1. System for introducing implants used in structural heart diseases using a minimally invasive method, containing a catheter connected to the distal part of the balloon, and on the other side, with a straight cap, having a side channel to which a pressure syringe is attached to inflate the balloon, while the balloon has a narrowing in the middle part a inside the balloon and in the catheter there is a channel (6) extending beyond the balloon, characterized in that inside the balloon (1) or outside at its distal or proximal end The system is equipped with a molded thickening (5, 5 ') channel (6) at the end of the spiral-shaped (3), an anchoring mechanism tied on the surface of the implant balloon, preventing its uncontrolled displacement, the catheter (2 ) is covered from the outside with a cover (8). 2. The system according to p.
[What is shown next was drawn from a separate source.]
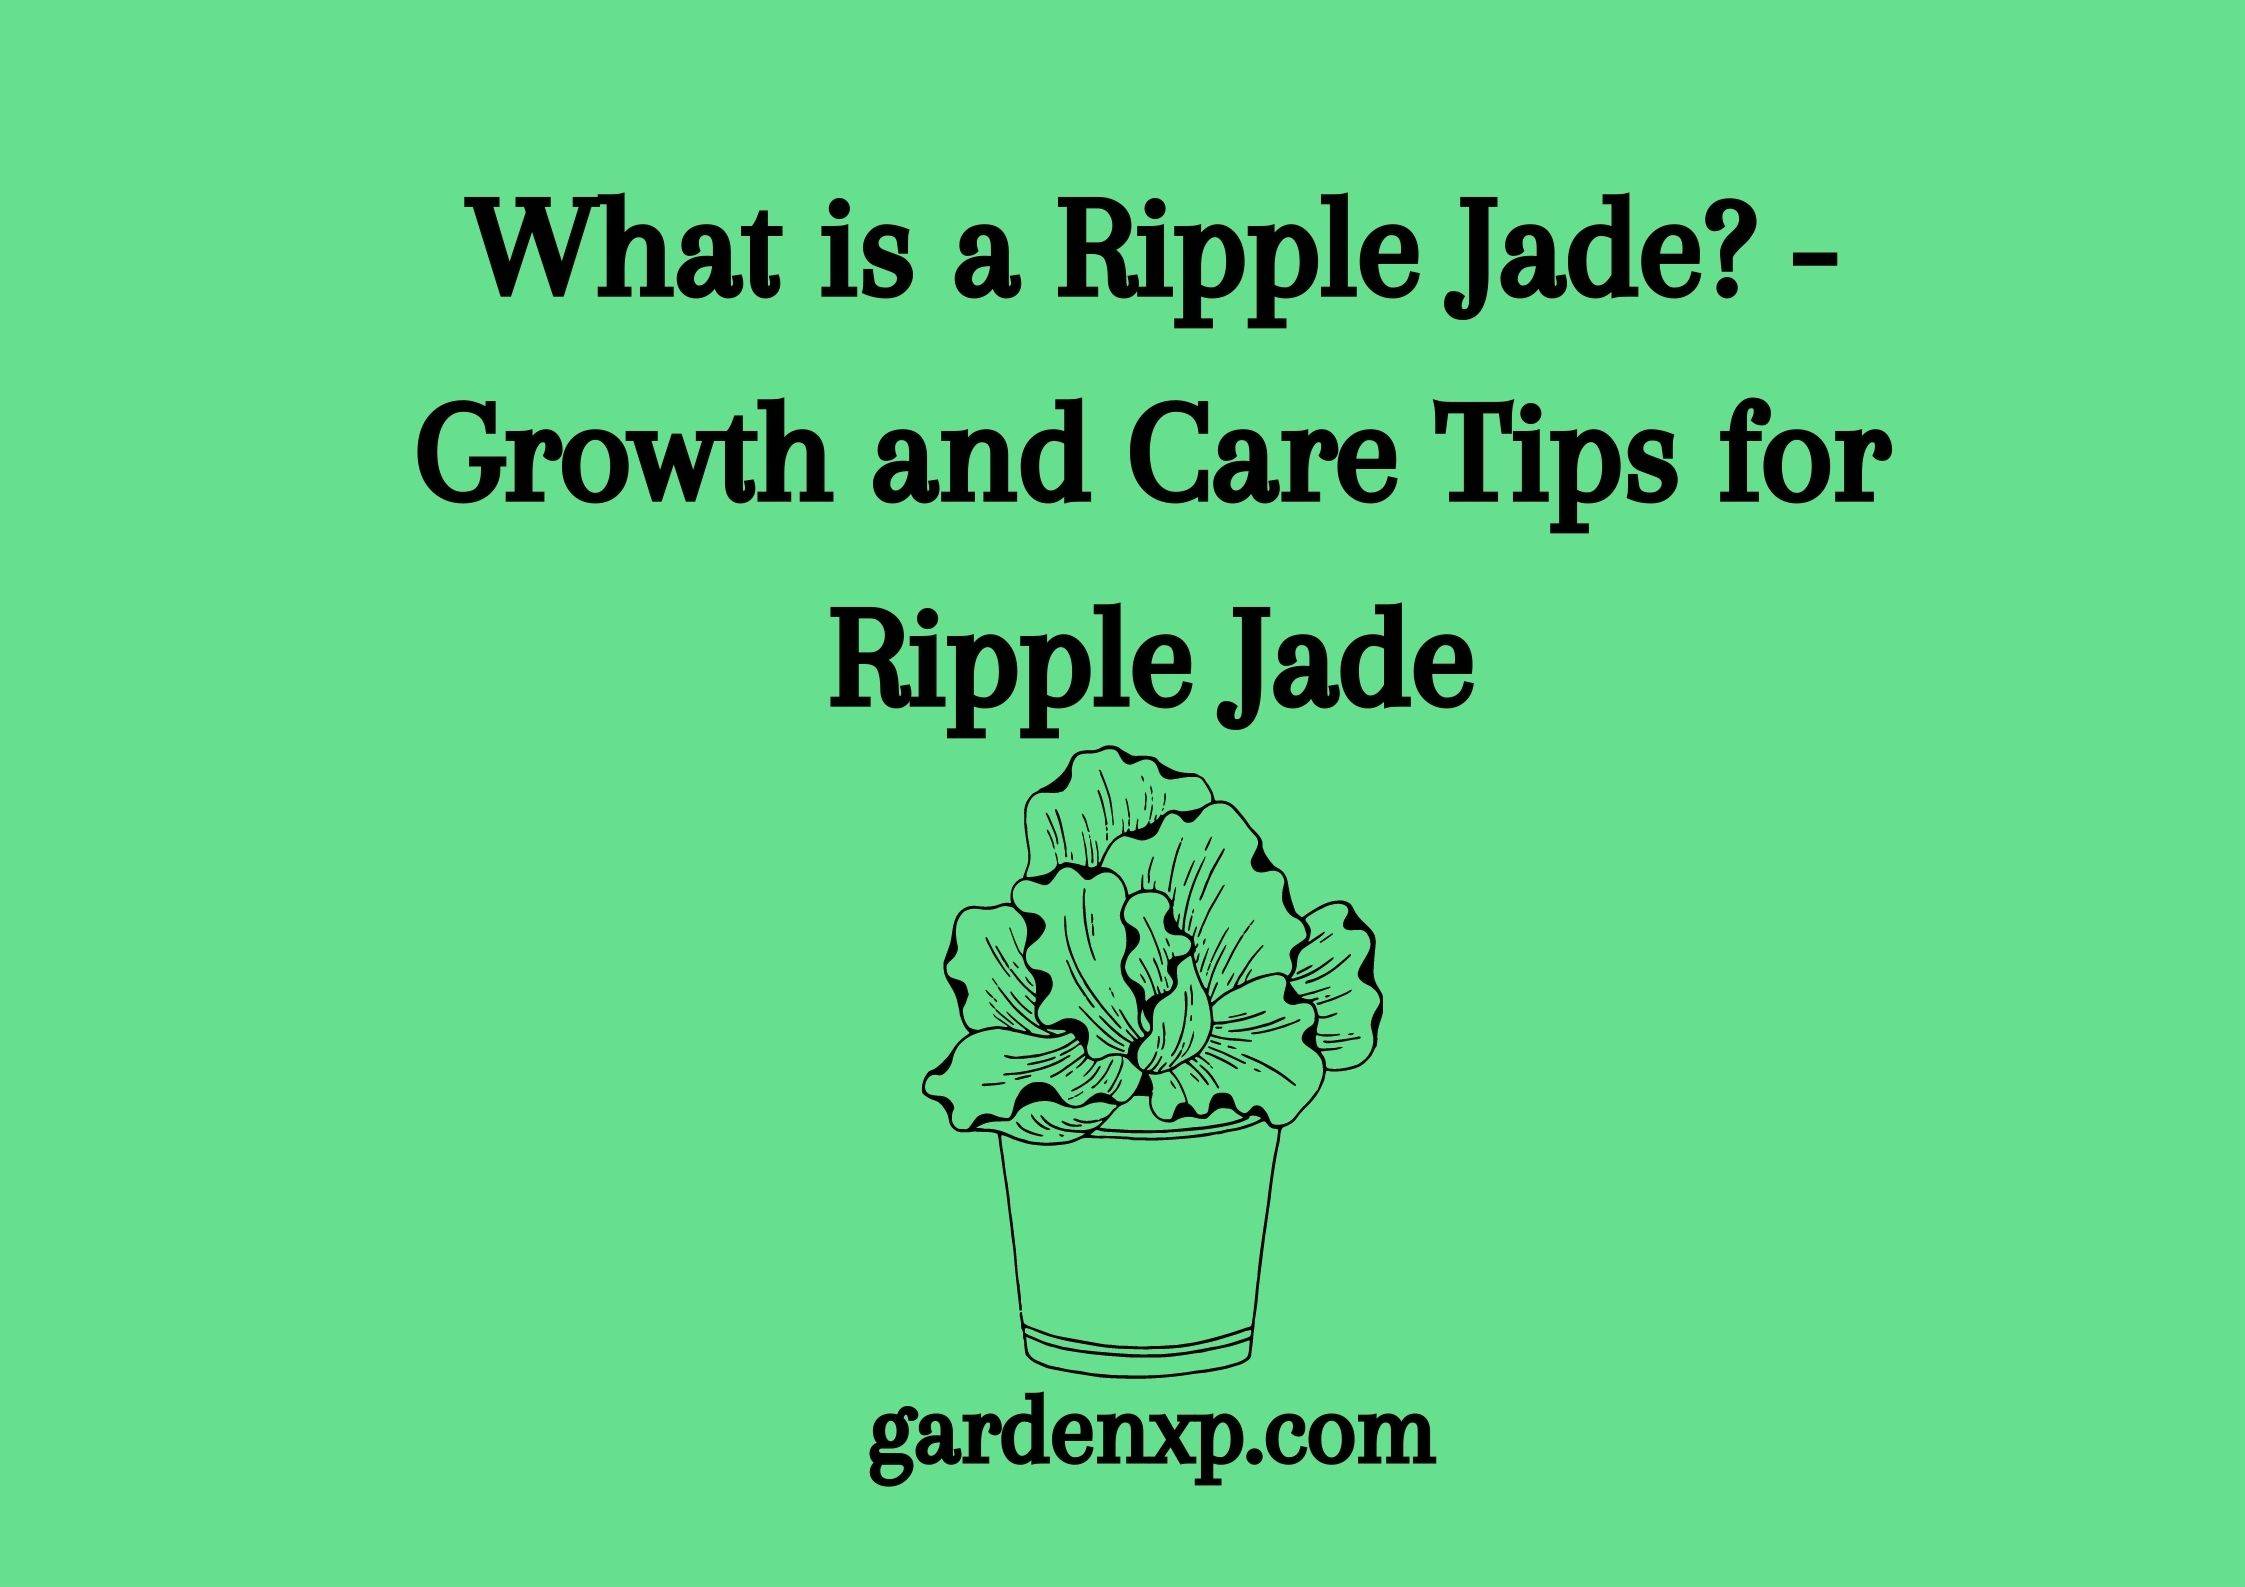 What is a Ripple Jade? - Growth and Care Tips for Ripple Jade

The method of claim 1, characterized in that the anchoring mechanism is placed on a straight section of the channel (6) in contact with the proximal part of the balloon (1) and is formed in the form of a cone (4) with the widened part facing the balloon. 3. The system according to p. The method of claim 1, characterized in that the anchoring mechanism is made at the proximal end of the sheath (8) of the catheter (2) in the form of a sheath with an increasing diameter towards the mouth. 4. The system according to p. The method of claim 1, characterized in that the anchoring mechanisms in the form of markers (7) placed on the outer surface of the channel (6), the diameter of which is greater than that of the channel. 5. The system according to p. The method of claim 1, characterized in that the sheath-like anchoring mechanisms at the end of the sheath (8) are conical opening towards the distal end of the balloon.